Unless otherwise terminated, this Agreement is effective for the term stated in the Subscription Order. Unless terminated by either of the parties in accordance with this Agreement, the term of this Agreement shall be automatically renewed for subsequent terms of the same length. This Agreement may be terminated by the parties as follows: (a) Unless otherwise provided for in this Agreement, either party may terminate this Agreement with or without cause, upon thirty (30) days notice to the other; or (b) Cme4.com may terminate this Agreement immediately if, based on Cme4.com’s sole judgment, it determines that Customer has breached this Agreement. In the event either party terminates this Agreement,(i) Customer shall pay Cme4.com all fees outstanding as of the date of such termination (ii) Cme4.com may, in its discretion, make or maintain, copies of Customer’s data files and records for archival purposes only and (iii) the following provisions shall survive in accordance with their terms: 4, 5, 7 and 8 through 16.

12 Non-Assignability.
Customer may not transfer or assign its rights and obligations under this Agreement directly or indirectly without the prior written consent of Cme4.com.

13 Severability.
The provisions of this Agreement shall be valid and enforceable to the fullest extent permitted by law. If any provision of this Agreement is invalid or unenforceable, the remainder of this Agreement, shall not be affected by such invalidity or unenforceability, unless such provision or the application of such provision is essential to the Agreement.

14 Governing Law.
This Agreement shall be governed by and construed in accordance with the laws of the State of California.

15 Communications.
All notices may be sent by e-mail, fax, express mail, mail, or registered mail to the e-mail address, fax number, or address most recently provided and will be effective upon transmission.

16 Entire Agreement.
This Agreement sets forth the entire agreement and understanding between the parties and merges all prior discussions between them, including that Customer shall follow the terms and conditions of the Site posted on the Site that are hereby incorporated by reference into this Agreement, as they may be changed from time to time by Cme4.com in its sole discretion.

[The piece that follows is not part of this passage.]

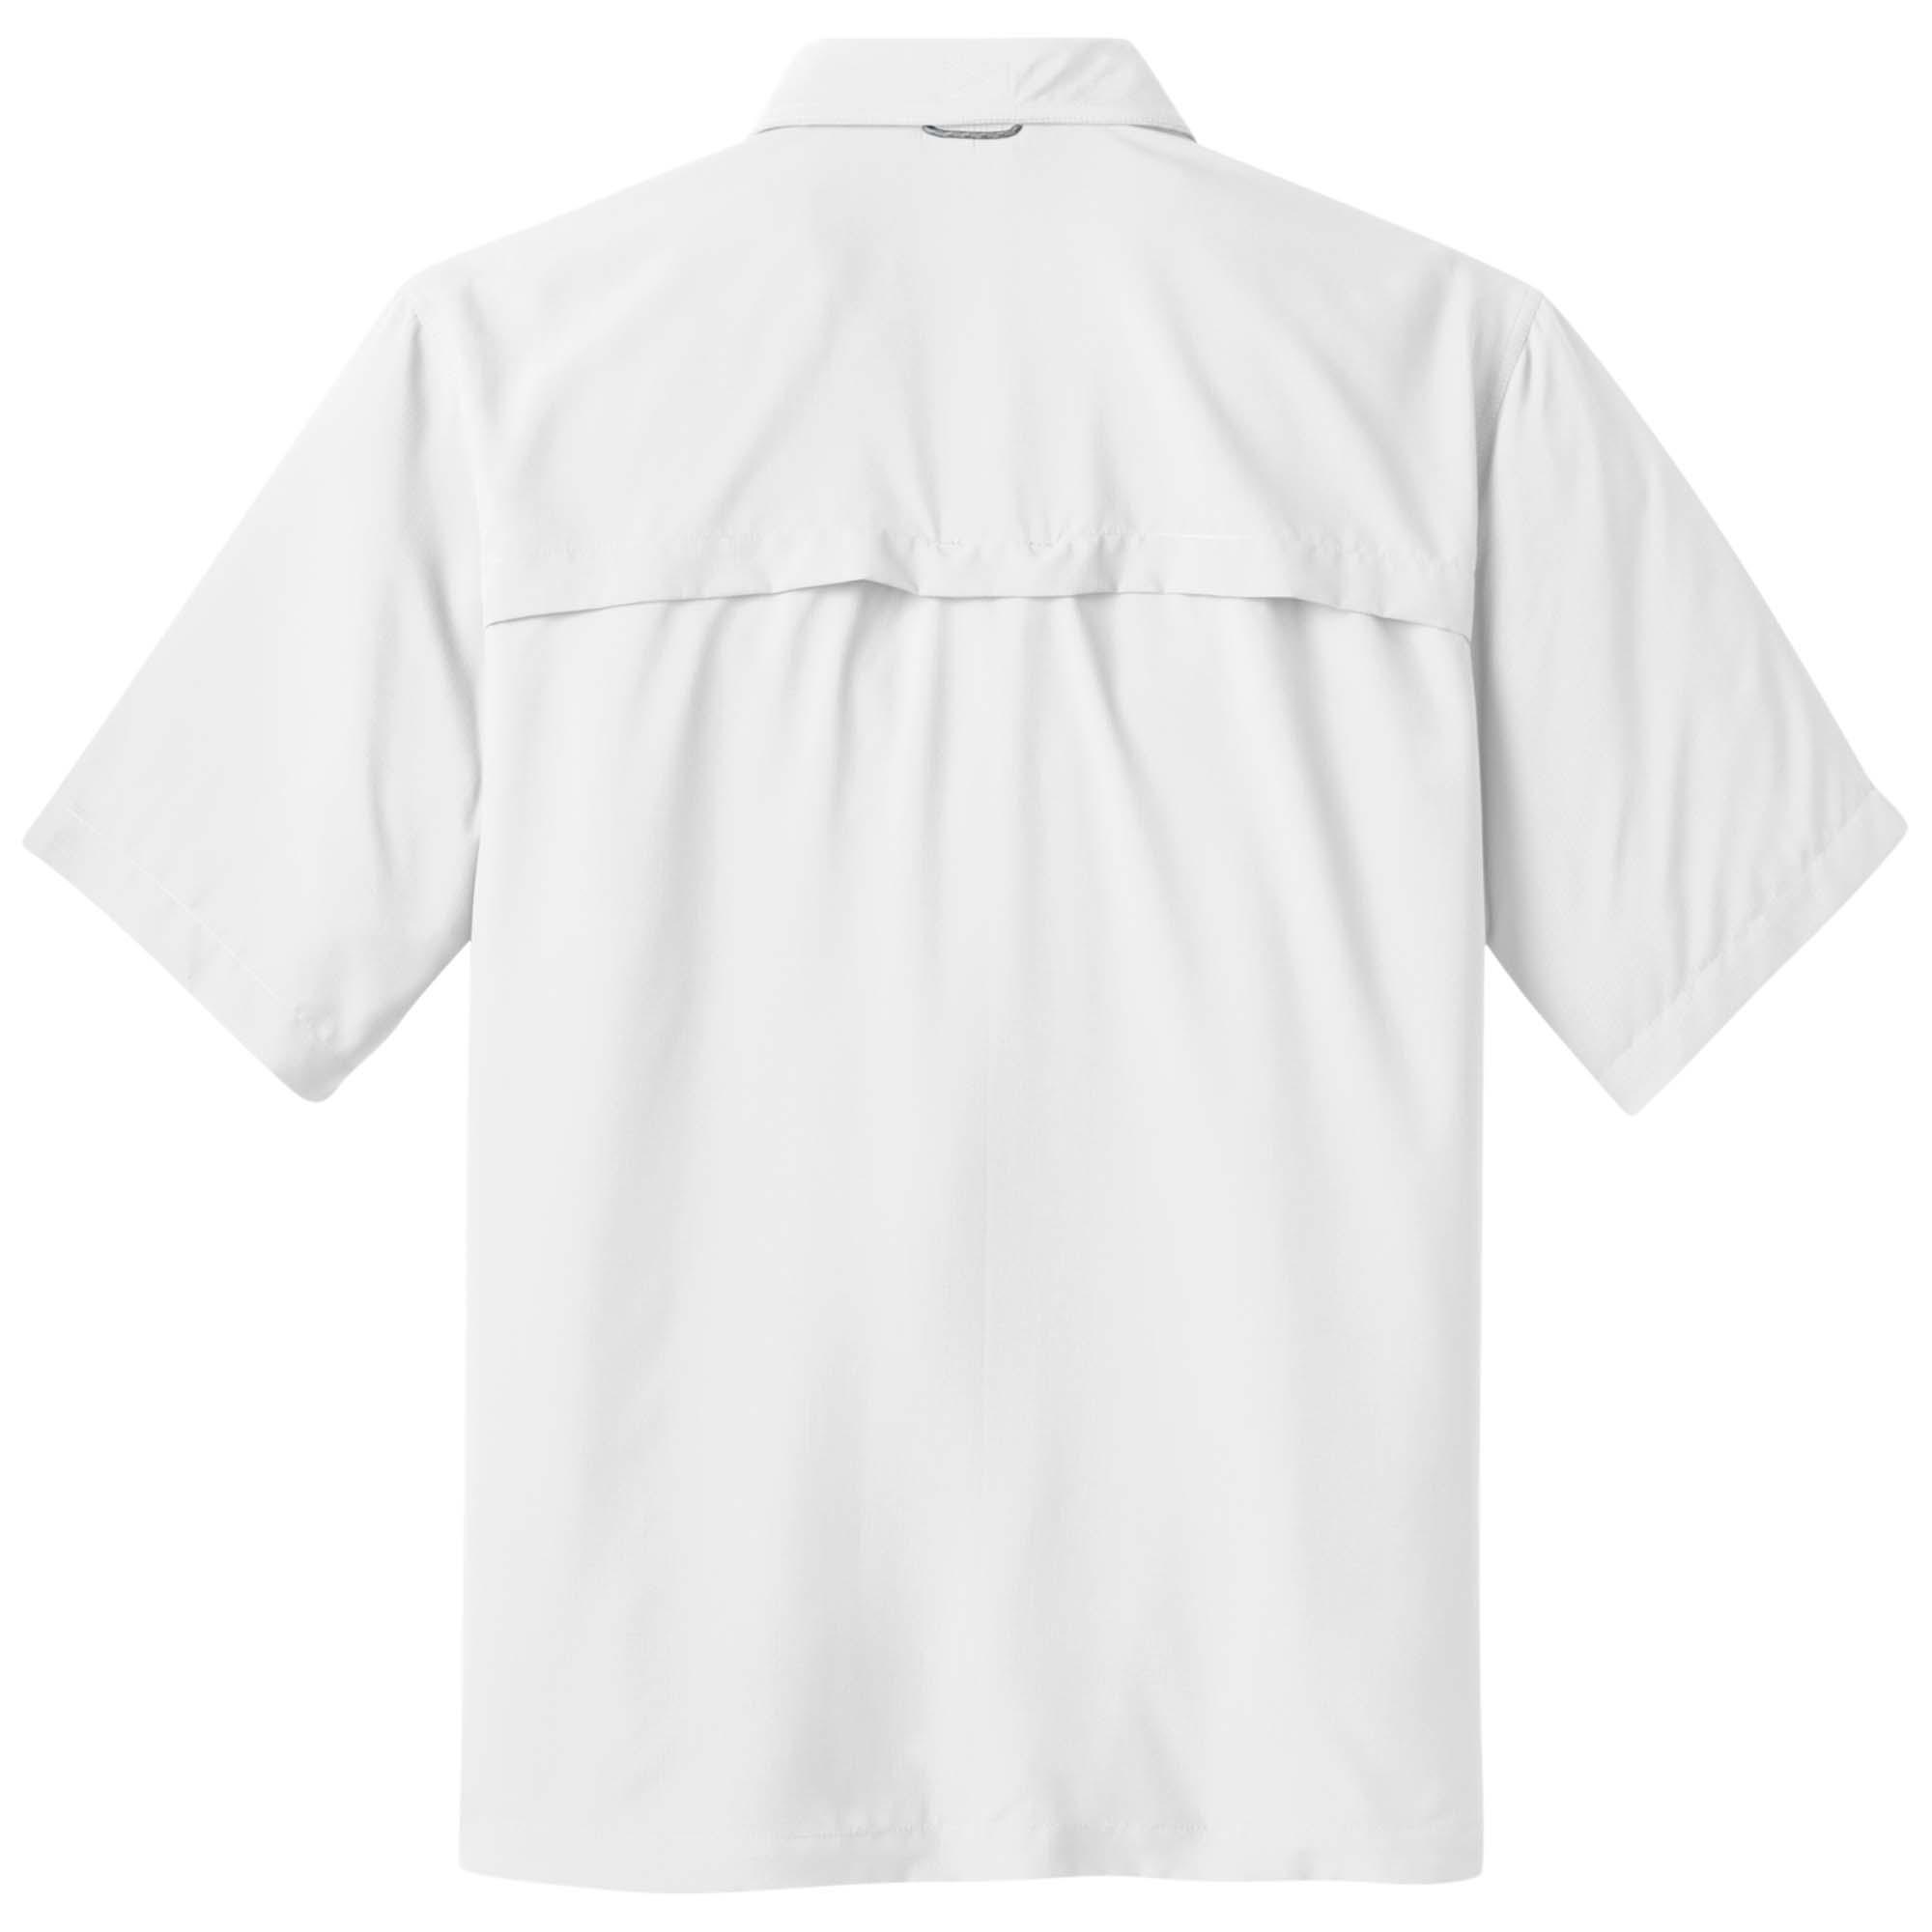 Eddie Bauer EB602 Short Sleeve Performance Fishing Shirt - White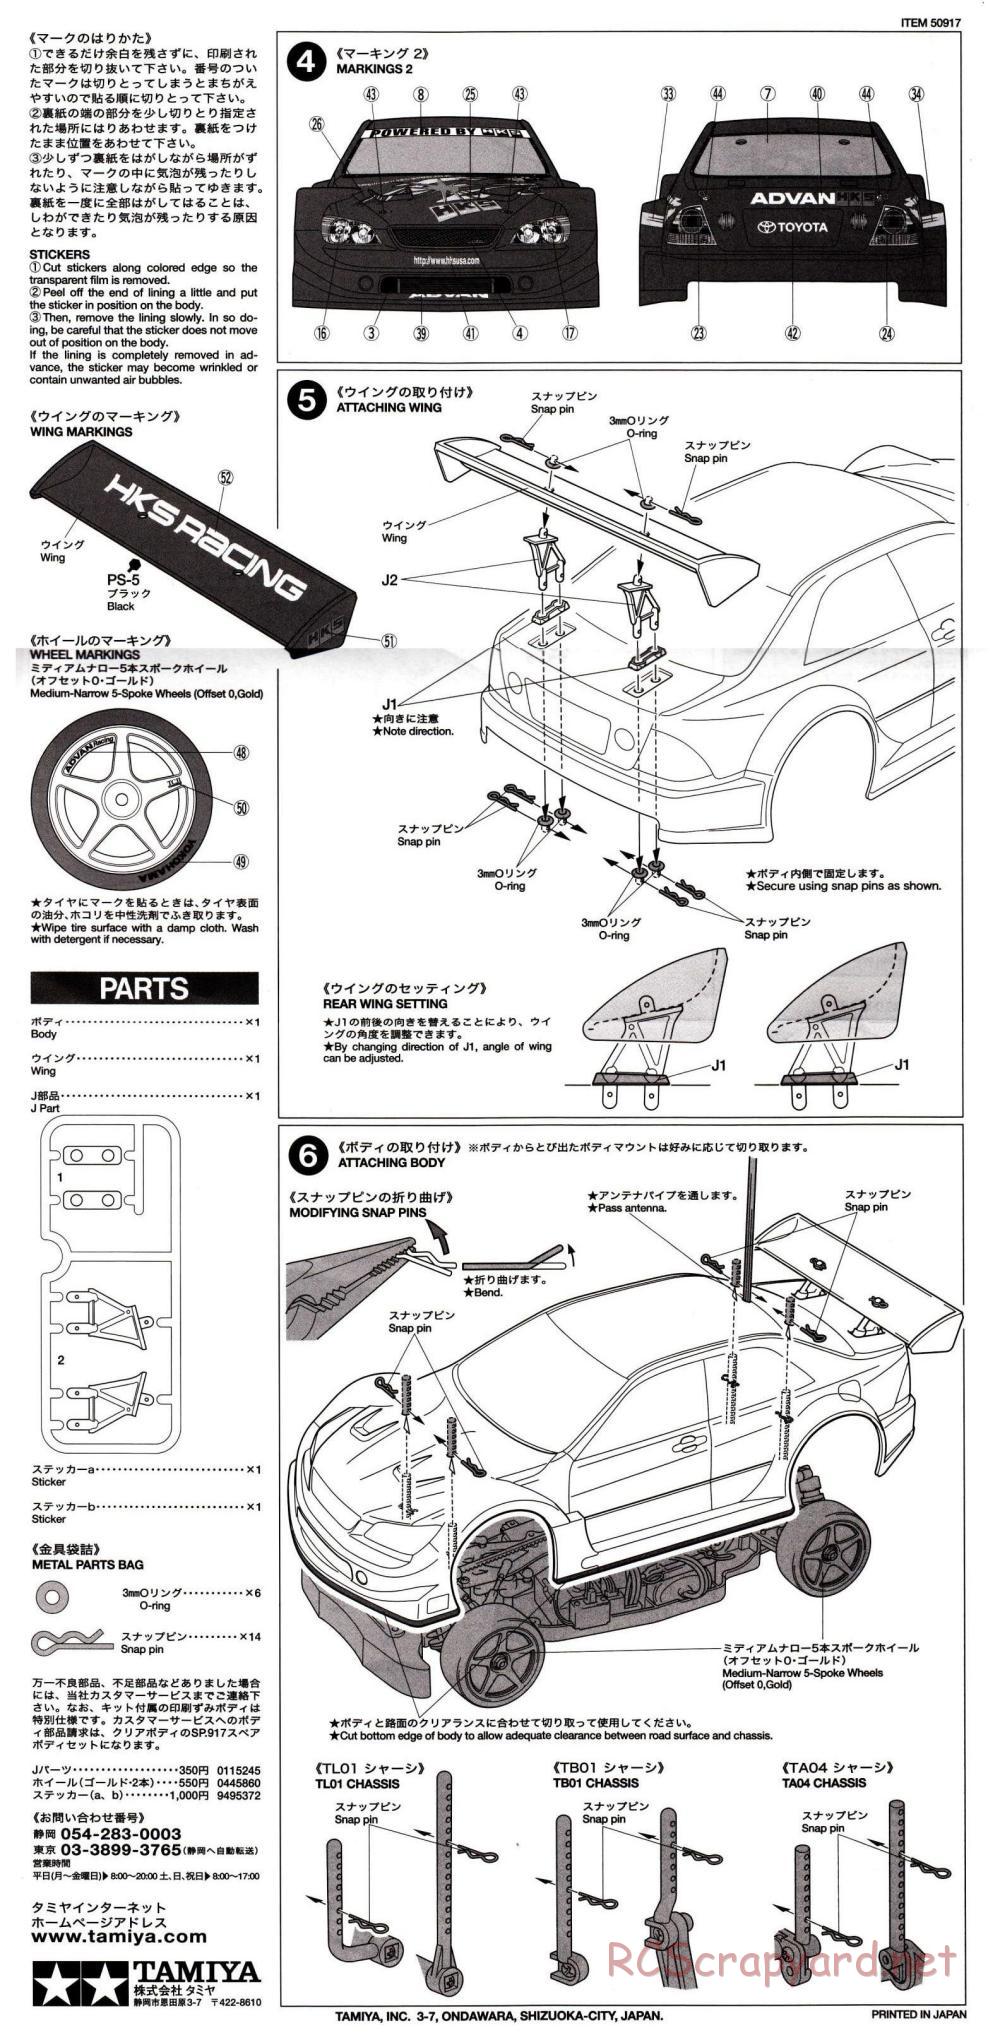 Tamiya - HKS Racing Altezza - TA-04R Chassis - Body Manual - Page 2

Cme4.com may make changes to this Agreement upon ten (10) days' written notice to Customer, advising of the change and the effective date thereof. Utilization of the Service by Customer and/or any clients or customers of Customer, following the effective date of such change shall constitute acceptance by Customer of such change(s). Otherwise, this Agreement may not be modified except by the written consent of both parties.